I was always looking for the Padres. I would slowly pulls the top card down to reveal the name of the team behind it. I knew that Tony Gwynn was the Padre of all Padre even then, but I was equally excited about any Padre Player I would get. So much so that I remember on my 10th Birthday my mom let me just go to the Mira Mesa Mall with her to spend $20 anyway I chose, and I chose to spend some of my money on the "team pack" for the 1991 Upper Deck Padres, which was a cathartic experience.

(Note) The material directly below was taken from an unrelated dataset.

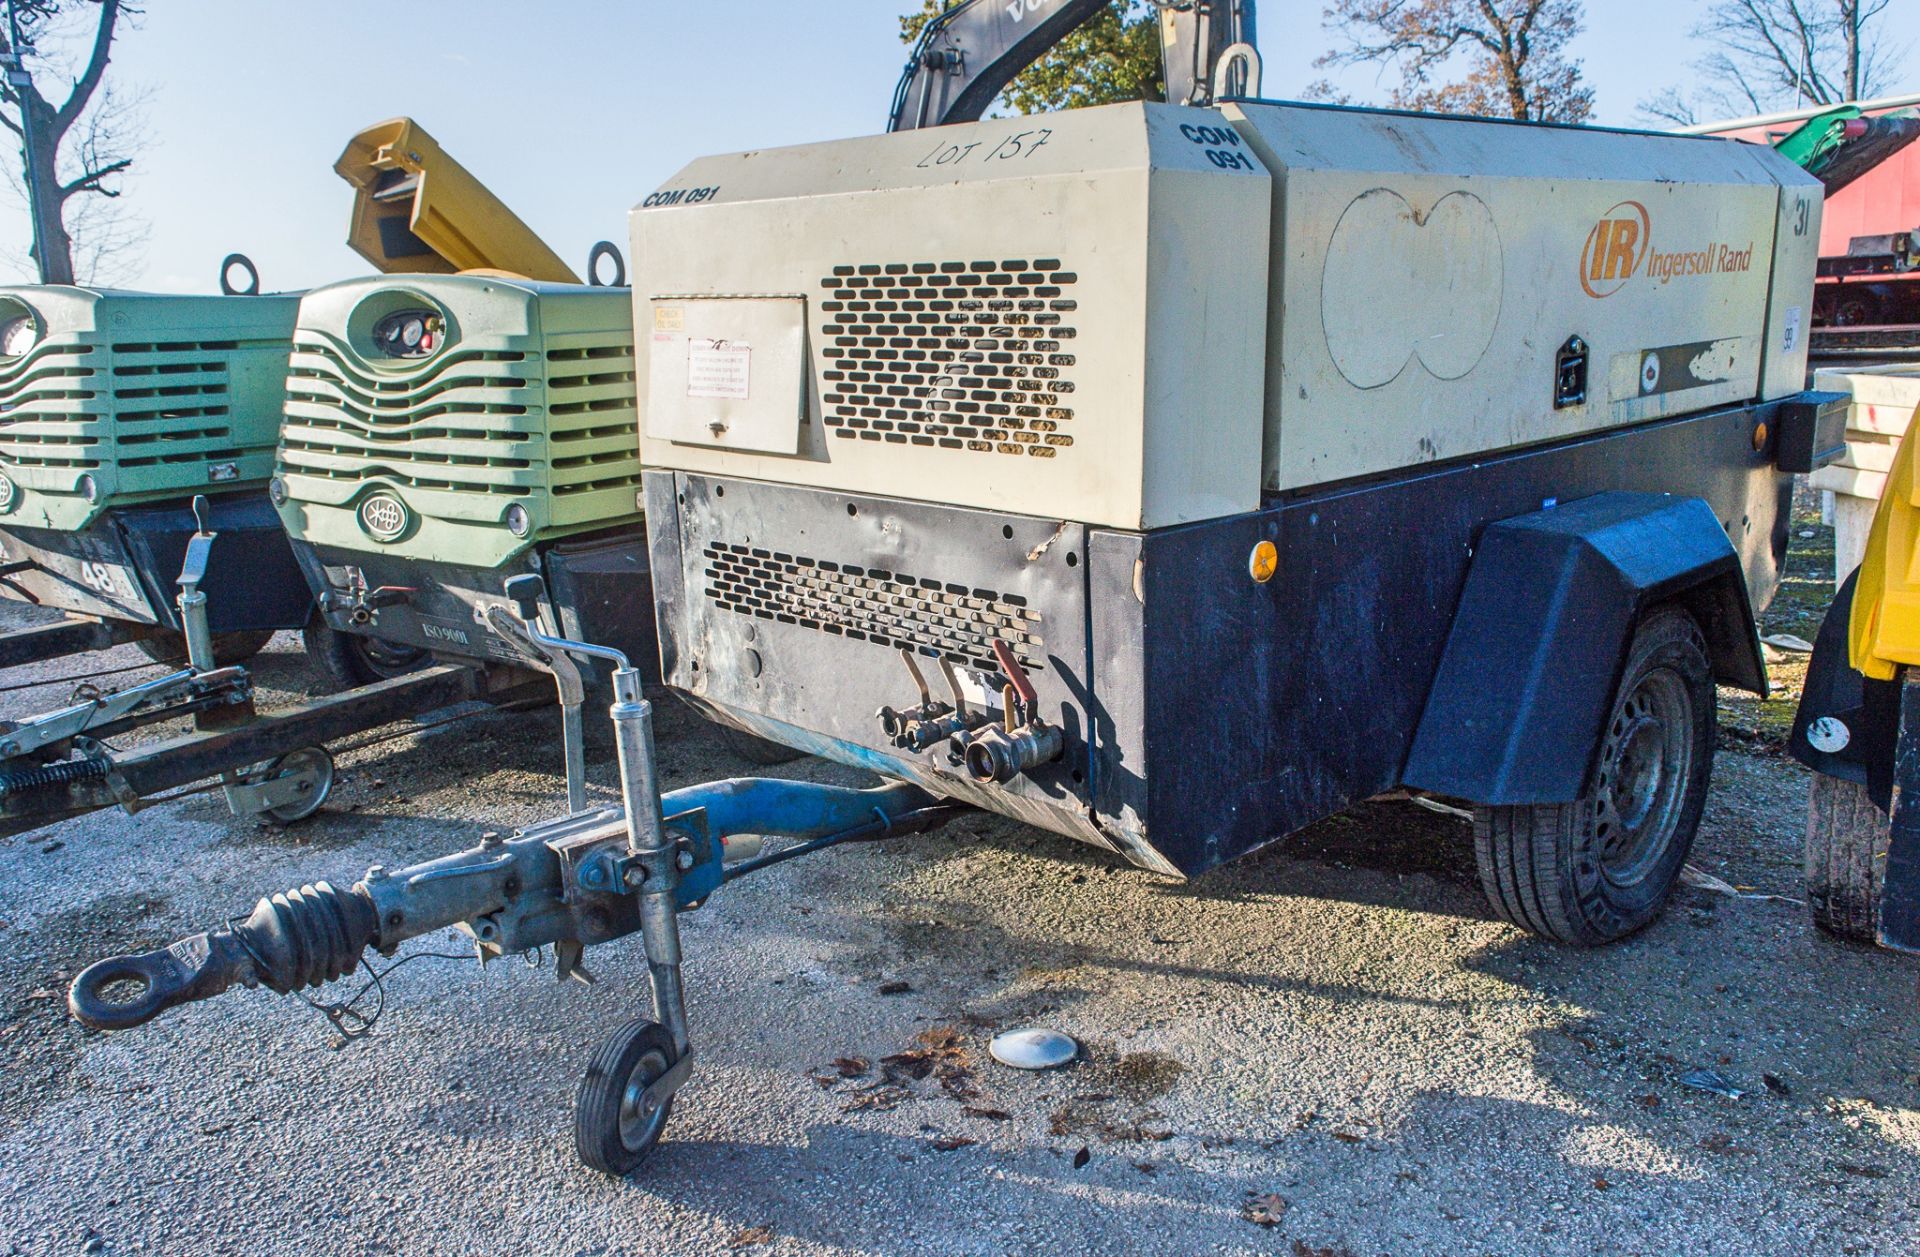 Ingersoll Rand 7/71 diesel driven mobile air compressor Year: 2007 S/N: 621798 Recorded Hours:

I also remember the clerk saying something snarky about the Giants and A's team packs selling much better.

In the above picture are the 8 Padres I got in the summer of 1989 or 90 (I never remember how the years go with baseball cards).

Carmelo Martinez, John Kruk, "All-Star" Tony Gwynn, Gary Templeton, "Record Breaker" Benito Santiago, Marvell Wynne, Mark Davis, and Luis Salazar.

Few if any of my baseball cards are in "Mint" condition, because I actually played with them and loved looking at them outside of the plastic sleeves I would store them in. The pictures fascinated me. You have to remember that this was in the dark ages before the internet. I would imagine what the game or situation was like when the pictures were taken. The uniforms all seemed so awesome to me. I also remember being really annoyed that Topps found it appropriate to put the "Padres" in blue on the baseball cards.

I also used to play some sort of dice based game with my Uncle and Cousin where the dice roll would simulate at bat results, and so I needed a team of baseball cards to play.

There was something about the cards that also stimulated my need to create order out of chaos.

I spent my summers with my grandparents because my mom could not afford child care. One summer my grandmother bought a box of Donruss cards and let my cousin and I split the packs. I was in heaven. We traded duplicates, and I traded as many Dodgers (they lived in Riverside, which is apparently Dodger country) for my cousin's Padres as I could.

I later got my mom to buy me some folders with sleeve pages so I could try to get the whole collection, and I started to put them in the folder in numerical order leaving spaces for the other numbers. After a few summers of going to baseball card shops and looking for missing pieces and buying them dirt cheap, I got all but 12 of them for that set.

Overall I loved my baseball cards. I wonder on occasion if kids these days have anything similar. Pokemon cards maybe? Something about collecting and getting all these little pictures of guys playing a game was a real joy for me as a kid.

That about wraps in up. Looking forward to this season and contributing more!